The answer to the first question depends on the proper construction and application of the long-standing provisions to be found in the years in dispute in ss. 660A to 660G ICTA in the light of the guidance afforded by a number of reported cases decided since 1939. The answer to the second question depends on the true construction and application of s.660A(6). I shall deal with the relevant legislation, the decided cases, the facts as found by the Special Commissioners, the decision of the Special Commissioners and of Park J before considering the submissions made to us on this appeal.

The Legislation

  1. It is not necessary to trace the legislative history in any detail. Suffice it to note that, except for s.660A(6), the provisions found in Part XV ICTA headed "Settlements" originated in the Finance Acts 1922 to 1946. The substantive provisions are governed by the definitions contained in s.660G(1) and (2). They are, so far as relevant, in the following terms:

"(1) In this Chapter -

"settlement" includes any disposition, trust, covenant, agreement, arrangement or transfer of assets, and

"settlor", in relation to a settlement, means any person by whom the settlement was made.

(2) A person shall be deemed for the purposes of this Chapter to have made a settlement if he has made or entered into the settlement directly or indirectly, and, in particular, but without prejudice to the generality of the preceding words, if he has provided or undertaken to provide funds directly or indirectly for the purpose of the settlement..."

  1. Those definitions apply for the purposes of s.660A headed "Income arising under settlement where settlor retains an interest". The relevant subsections are in the following terms:

"(1) Income arising under a settlement during the life of the settlor shall be treated for all purposes of the Income Tax Acts as the income of the settlor and not as the income of any other person unless the income arises from property in which the settlor has no interest.

(2) Subject to the following provisions of this section, a settlor shall be regarded as having an interest in property if that property or any derived property is, or will or may become, payable to or applicable for the benefit of the settlor or his spouse in any circumstances whatsoever.

[(3) - (5)]

(6) The reference in subsection (1) above to a settlement does not include an outright gift by one spouse to the other of property from which income arises, unless-

(a) the gift does not carry a right to the whole of that income, or

(b) the property given is wholly or substantially a right to income.
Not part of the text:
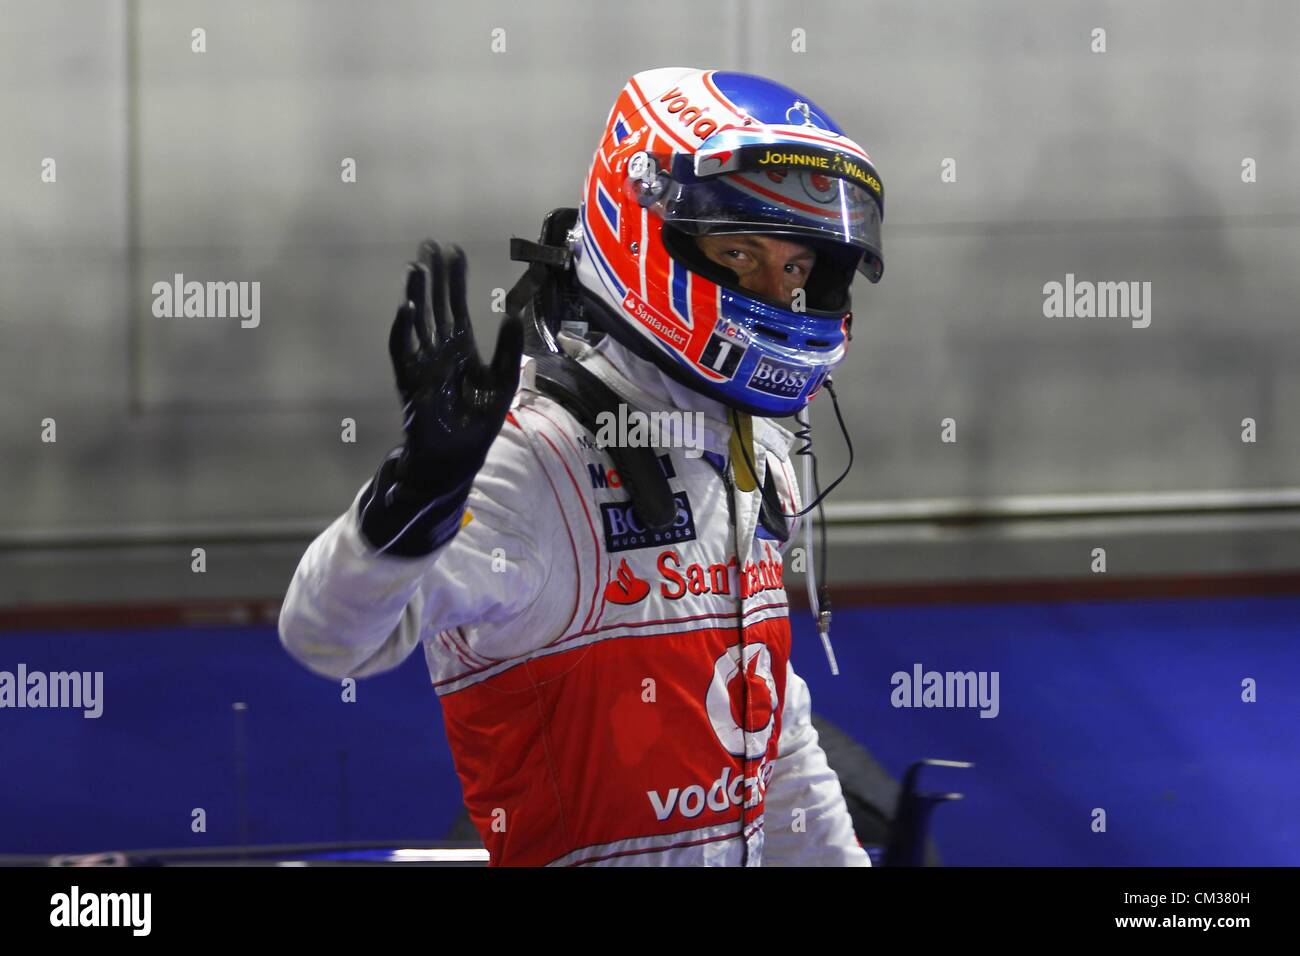 23.09.2012. FIA Formula One World Championship 2012 Grand Prix di Singapore 3 Jenson Button GBR Vodafone McLaren Mercedes torna a casa in secondo luogo Foto Stock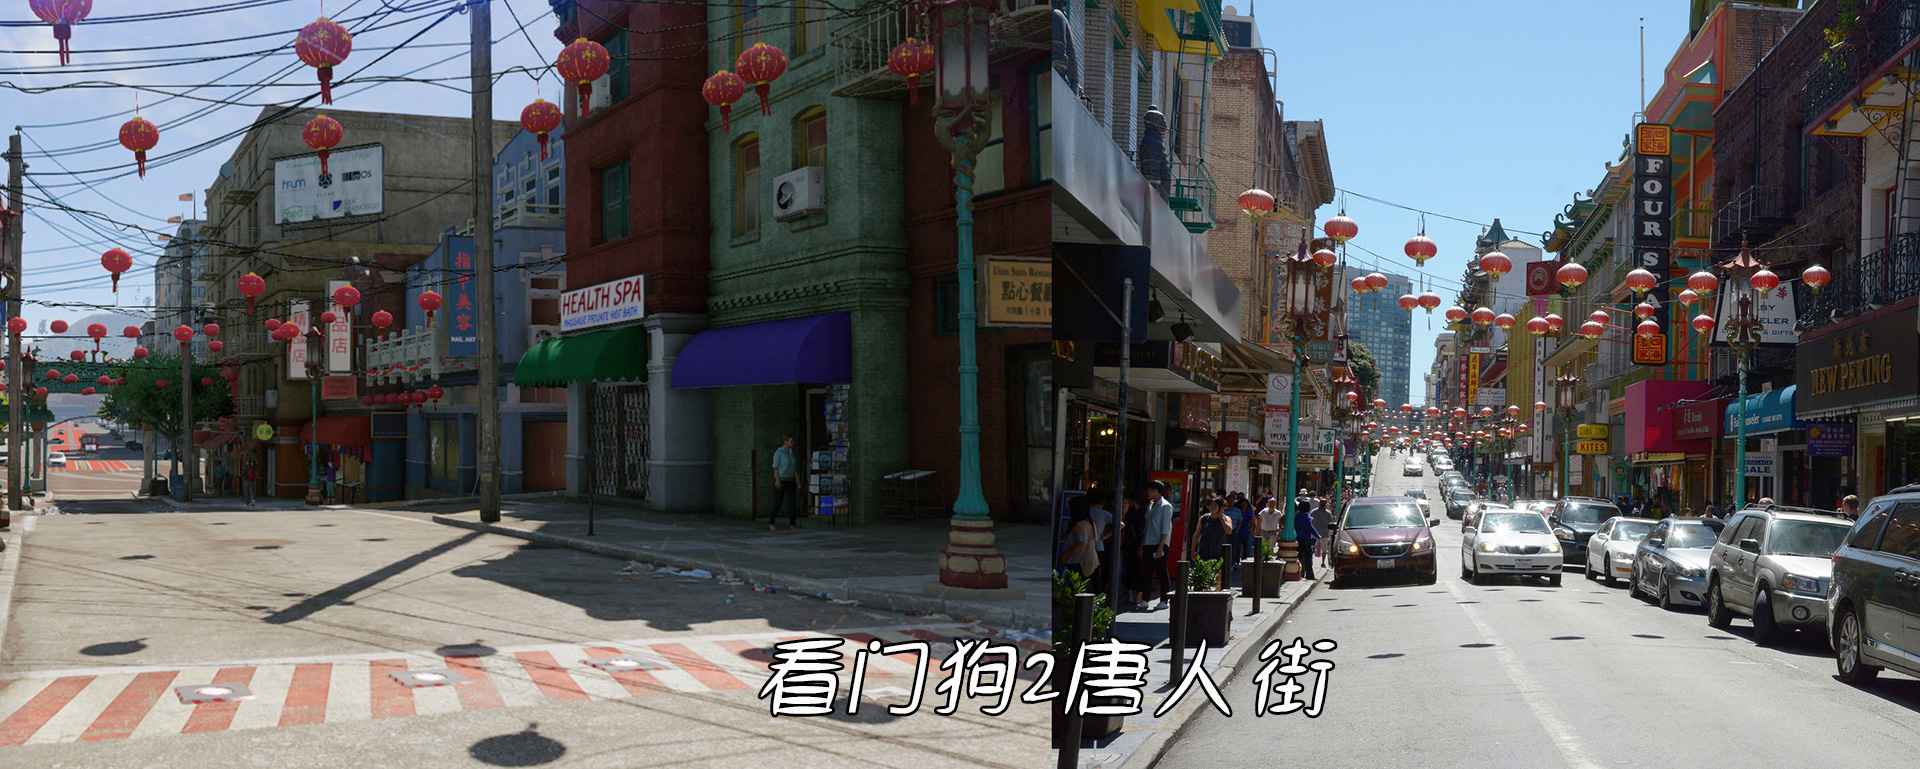 gta5唐人街图片

For this purpose a gift is not an outright gift if it is subject to conditions, or if the property given or any derived property is or will or may become, in any circumstances whatsoever, payable to or applicable for the benefit of the donor.

[(7) – (9)]

(10) In this section "derived property", in relation to any property, means income from that property or any other property directly or indirectly representing proceeds of, or income from, that property or income therefrom."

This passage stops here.